Every once in a while I wake up with a migraine so bad it gives me black eyes. Like my nose caught a softball. Or a fist.
Pain killers, dark rooms, sleeping it off – the only thing that actually works is waiting it out. The migraine either goes away or retreats to a point I where I can function until it does.
A while back, before I discovered it was connected to my migraines, I wrote about this experience. In light of the discussion around the violence suffered by Janay Rice by her husband Ray, I am re-posting what happened to me when I had a black eye.
Does the current awareness of how to empathize and assist battered women translate into action? I’ll let you know if anyone comments on my shiner or looks askance at my explanation.
I haven’t watched the video of Rice knocking Janay unconscious. I have seen men hit women, and each other, in person and it’s horrifying enough to stick in my memory without a video refresher.
BLACK EYE March 12, 2012
I have a black eye.
I woke up the other morning with a shiner like I caught a softball with my nose. No trauma, no injury, no logical explanation. I went to see an internist who had no idea what it was, who sent me to an ophthalmologist who had no idea what it was.
After extensive questioning they could tell me what it wasn’t – it wasn’t a sinus infection, an “allergy shiner”, or related to vision, optic nerve or glaucoma. Nor was it related to any vitamins or medicine I take. They also asked if there was any domestic violence in my home. There is no violence in my home and I told them so, but I also said I appreciated that they asked.

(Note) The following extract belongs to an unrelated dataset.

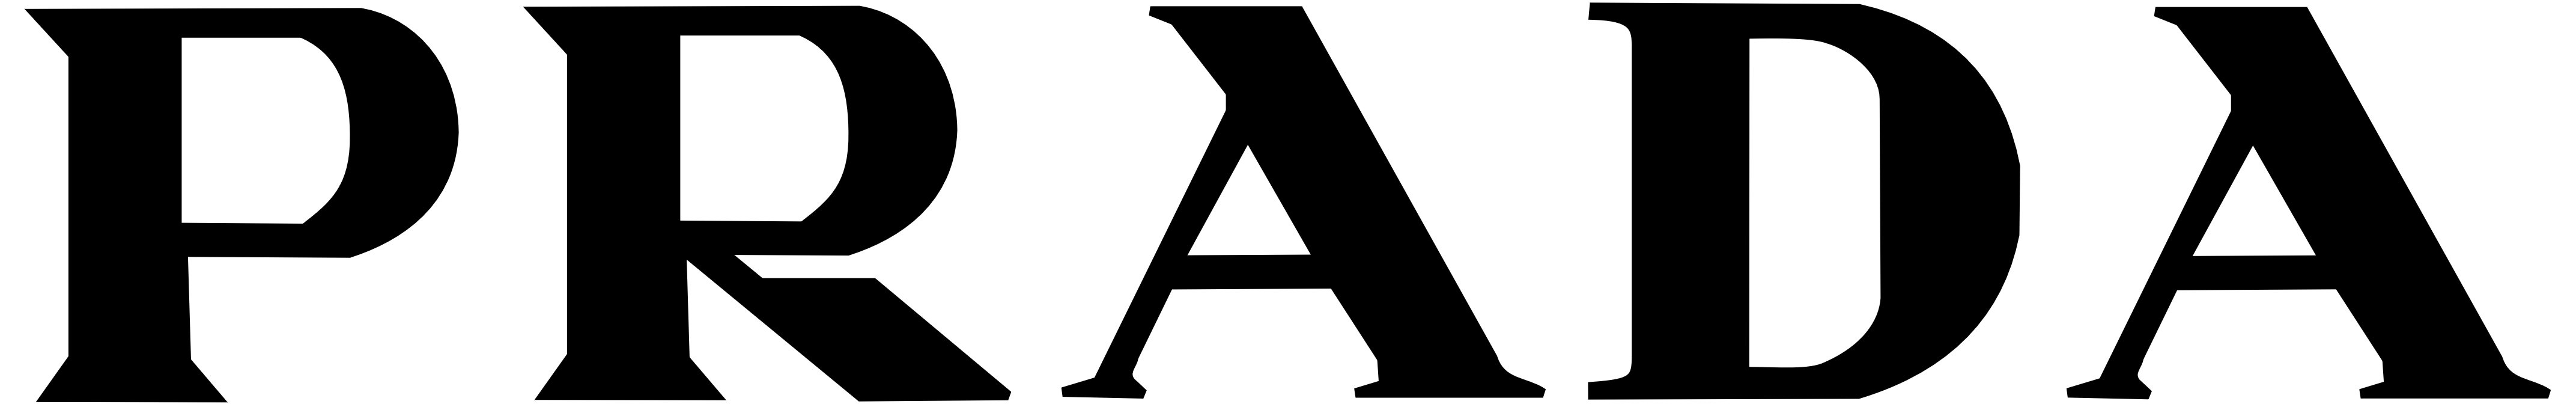 prada logo white

This has been an odd experience for me, to say the least. It has also been hard on my husband to know that strangers think he hit me. Even though he doesn’t know them and isn’t with me every moment, he knows the world has judged him.
The eye looks nasty, and even after careful application of makeup, it is clearly visible. Reactions have been interesting. Some glance at my face and look away. Some stare fixedly. Some see the black eye and then give me a once over. What people are clearly doing is creating a story about how I got a black eye. Yet no one looked me in the eye or asked me how I got it.
Why wouldn’t anyone say anything? I am sure the majority of look-away-quickly people assumed my husband hit me. Some of the long stares were probably looking to see if I had work done. Some of the once-over folks were clearly judging me as someone who “allows themselves to be hit”.
While I would have been appalled at the assumption I would also have been pleased if any stranger (or the mild acquaintances like the women at my gym) had asked about my eye or even said “I hope you are OK.” But so far there has been four days of silence.
I remember when my sister was living with her (physically and mentally) abusive husband. Knowing how he treated her, and being profoundly upset by it, I once talked to people at the local domestic violence shelter and found out what to say and how to say it.
“You do not deserve this. It is not your fault. He does not have the right to hurt you or make you feel bad. I will help you if you chose to leave.”
It took almost fifteen years for her to separate from him. She left and went back to him a dozen times, and I have no idea what her situation is now.
I started to wonder what I would say if I saw someone with a black eye. Now. In my current crunchy, suburban life where things like that are not supposed to happen. But they do. We know women (and some men) are physically and emotionally abused everyday. The statistics are awful – One in four women and one in nine men are physically abused by an intimate partner during their lives.
We need to ask ourselves tough questions. ‘What would I say and how would I say it?’ And ‘When is it my responsibility to say something?’ Or more importantly, why isn’t it everyone’s business to end domestic violence?